As more EVs hit the road, this gap in our tax system needs fixing

3 hours ago 4

March 30, 2026 — 5:07am

History suggests that when you get a crisis as big as the current oil shock, it not only causes short-term problems like inflation, but also leads to long-term changes in people’s behaviour.

The global financial crisis of 2008 is said to have made some people in the worst-affected countries more debt-shy, for example, while COVID-19 ushered in a big rise in working from home.

Soaring prices of petrol and widespread shortages could change how consumers think about petrol and diesel-fuelled cars.Ruby Alexander

What might change this time? I’d hazard a guess that soaring fuel costs and all those empty bowsers could change how many of us think about the cost of running a petrol or diesel-fuelled car, compared with an electric car.

Indeed, there are already reports from car makers and dealers that more people are thinking about making their next car an EV.

As more people make that decision, it only hastens the need to address a sizeable gap in our tax system. The problem is pretty simple: fuel excise is not collecting tax from the growing number of road users getting around in an electric car.

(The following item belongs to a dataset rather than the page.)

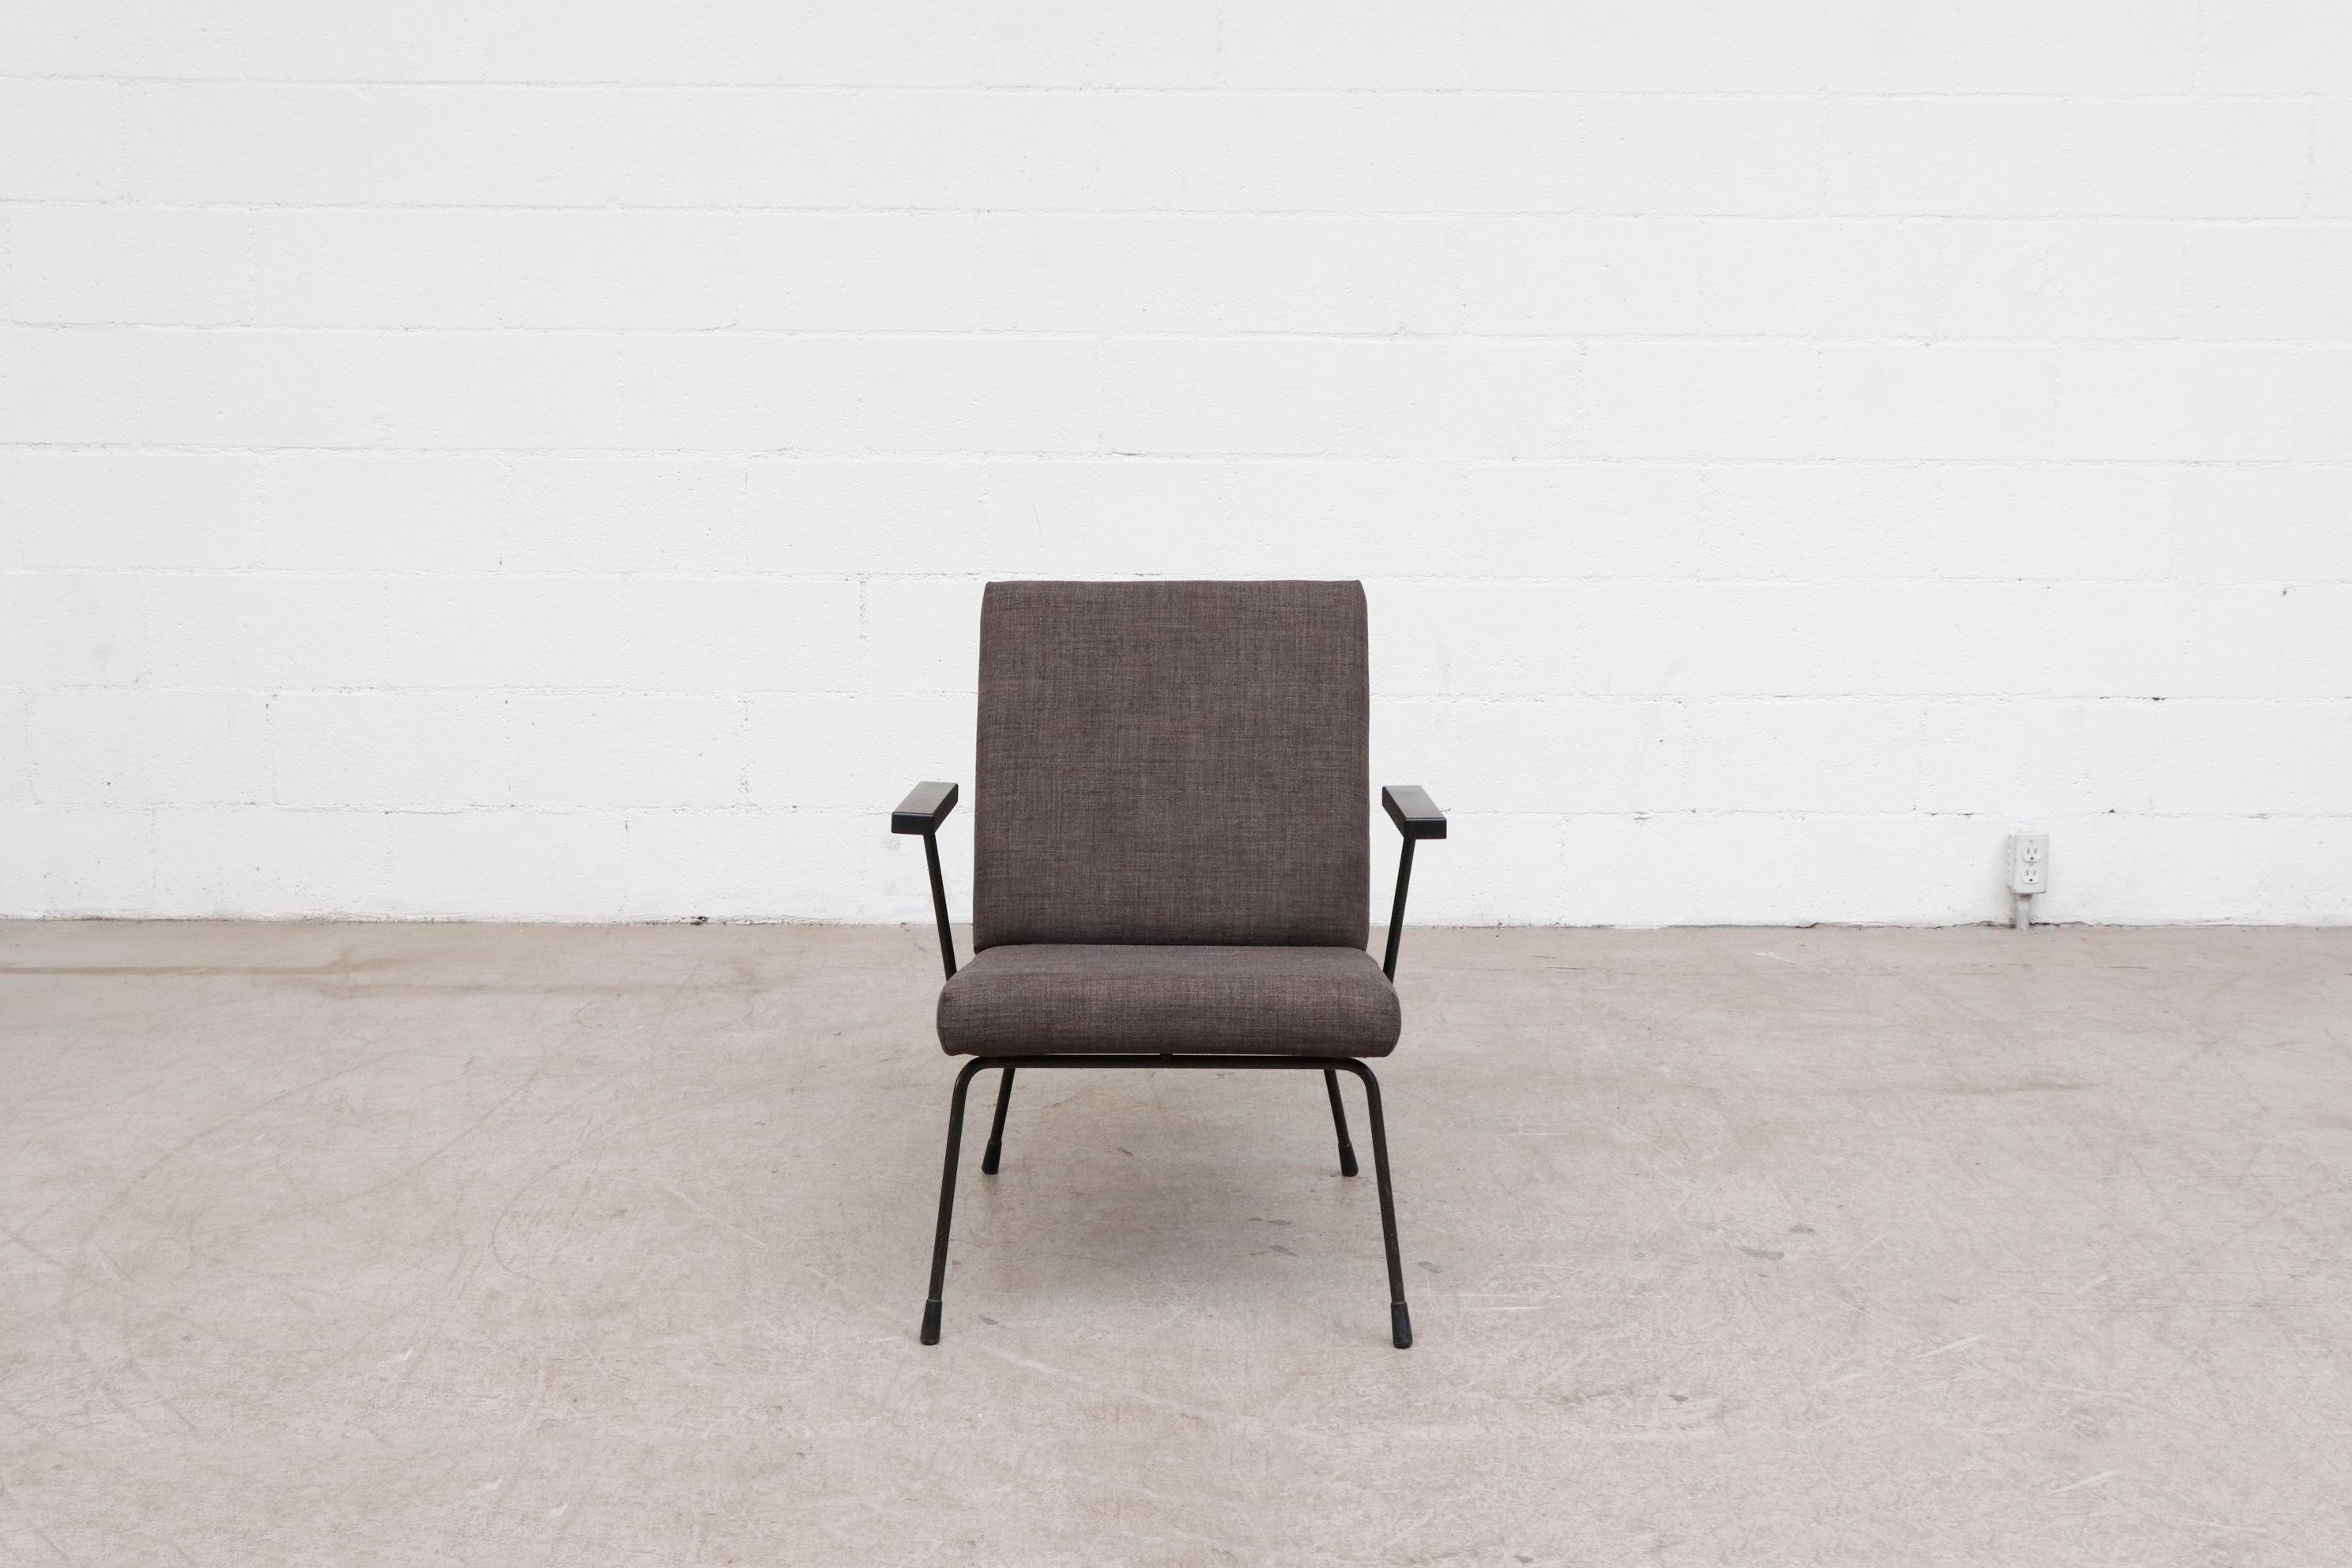 1950s Wim Rietveld lounge chair for Gispen with new charcoal grey upholstery and black enameled metal frame. In original condition with bakelite arms and some visible wear and scratching. Other Wim Rietveld lounge chairs (LU922421645382 and

Fixing this by introducing some sort of road user charge – dubbed an “EV tax” by some – would be a sensible economic reform that the federal government has already committed to implementing at some stage, though some in the government are reportedly pushing for a delay.

The current fuel crisis helps to illustrate why a road user charge makes sense – and why it should happen sooner rather than later.

As petrol and diesel prices have skyrocketed this month, debate has inevitably turned to how much of the bowser price is tax. The answer: 52.6¢ in every litre of petrol and diesel goes to the taxman through fuel excise, which helps to pay the cost of maintaining roads.

The Opposition says we should cut fuel excise in response to the oil shock – but the problem with that is that it leaves a hole in the budget, while also encouraging spending at a time when the Reserve Bank wants the opposite.

Jim Chalmers has previously backed road user charging for EVs.Alex Ellinghausen

However, there is a strong case for changing how we raise tax revenue to help fund roads in the longer term.

The problem is that owners of electric cars obviously don’t pay fuel excise, and this will leave a growing hole in the budget as more people switch to using EVs, as we try to meet our emissions reduction goals.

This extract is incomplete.